A: One of my most valued mentors was Walt Havenstein, the former CEO of SAIC, who taught me an invaluable lesson in what I considered to be a rich learning experience. One day at work, I became quite emotional telling Walt how he was “missing the point” on an important topic, and the choices I was comparing for him “were clearly different.” In fact, I was so focused on convincing him how different they were that I got up and drew a picture of the differences on a whiteboard. Walt calmly asked me to follow him, and led me 100 feet down the hallway, where he asked me to turn around and look at the whiteboard. He told me, “Now look at them. Are they really all that different now?” As I squinted down at the 100-foot hallway, all I saw was a single black blob on whiteboard. At that distance, my original two items were indistinguishable. “It all depends on your perspective,” said Walt. “Always keep things in perspective.”
While that sticks with me the most, I also recall advice from my thesis advisor, Dr. George Jenks, who gave me an article to read. He told me that it was relevant to my master's thesis—but as I read it, and I reread it, these two pages, probably for a month and a half—I couldn't begin to understand how it was relevant. It had nothing to do with my thesis! I was practically ready to hold it up to a blacklight to search for clues or hidden meanings. I was so frustrated.
And Dr. Jenks said, “Have you read every word on it?” In the article there was a picture. There was a little circle and a big circle. The little circle said: what one knows. The big circle said: “what one does not know”. Then it had the following expression: “the value of what one knows is doubled if one confesses to not knowing what one does not know.”
What he was saying was that as soon as you realize how much you still have to learn, you're a whole lot smarter. For me, this lesson drove my thirst for knowledge. I became a voracious reader, reading widely across all types of subjects. Have a desire to learn. Your curiosity will be rewarded.
Collectively, guidance like this has led me toward a life of learning and self-awareness, and a willingness to try new things every day. It also gave rise to my own advice to others, which is to “be unafraid of the impossible.”
Q: Is there anything else you’d like to add?
A: There was one point from Dr. Washington’s 50th anniversary celebration speech in April that really stood out to me. He said, “you don’t come this far this fast by being like the others. You actually have to be just a little different.”
Peraton, like Mason, is a young organization. You are 50 years old, we are five years old. Like Mason, Peraton was created to respond to a changing world. Our people are hungry for innovation and walking the tightrope between the impossible and the capacity of human potential in every major industry.

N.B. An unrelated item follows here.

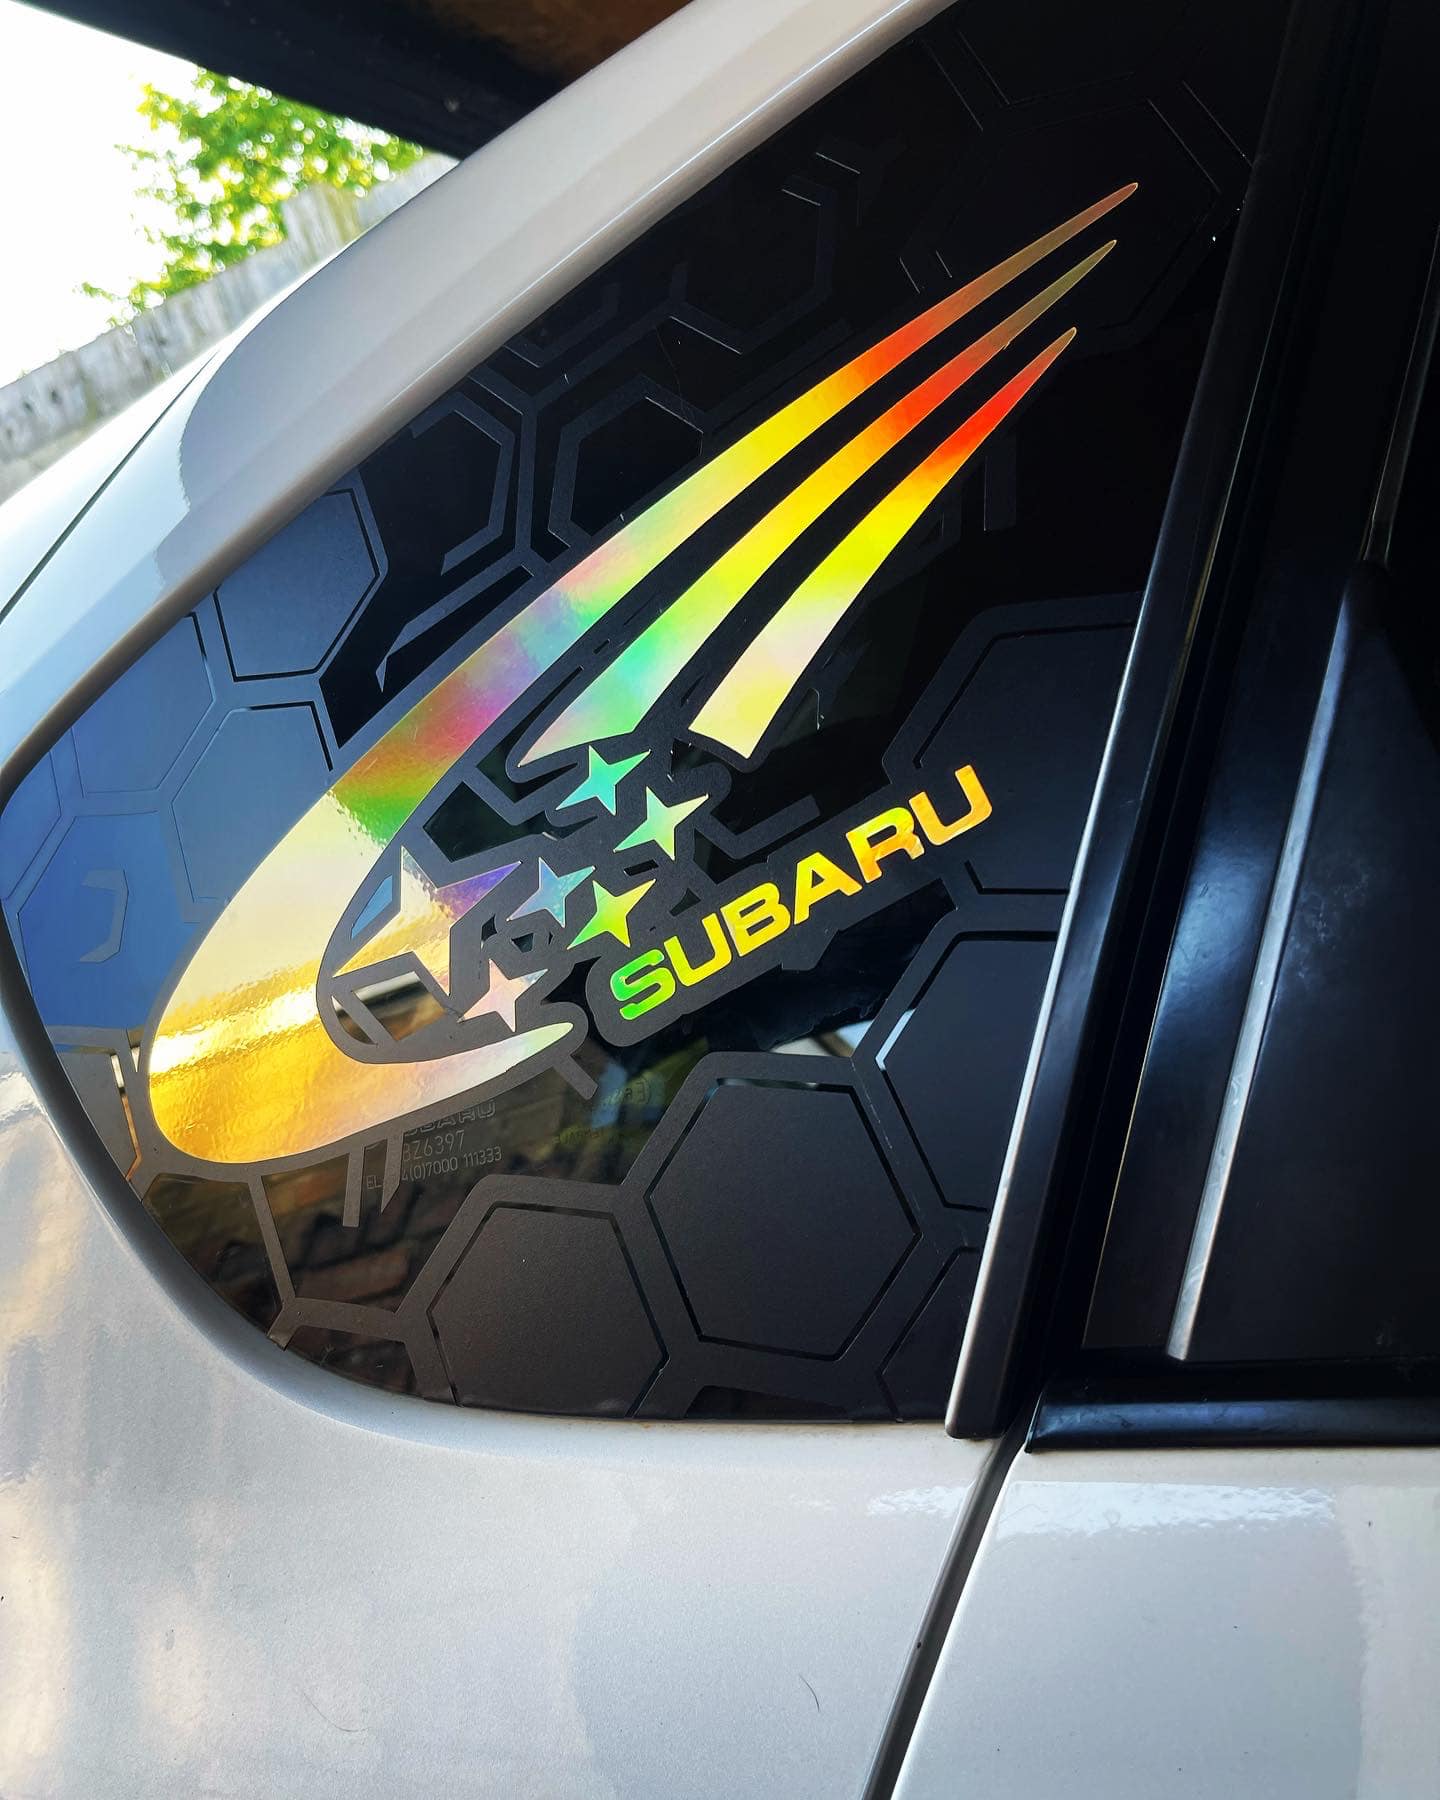 Subaru Impreza Honeycomb Side Window Stickers

As two Northern Virginia-based organizations, George Mason is in Peraton’s backyard, and we are in Mason’s backyard. Mason’s tenets – research, innovation, diversity – closely align with Peraton. For a Mason graduate, we consider it a natural progression to work with a company like Peraton. We create the jobs that you study and train for, and serve missions that support our national security. But there are many organizations that could benefit from your talents and reward your efforts. Ultimately, I hope you have the opportunity to drive change, to be yourself, and to become what makes you happy. If you keep this guidance in mind, the rest of the pieces will fall into place along the way.
Changing the world doesn’t happen overnight. It starts with a refusal to accept the status quo and progresses through small steps fueled by steadfast work.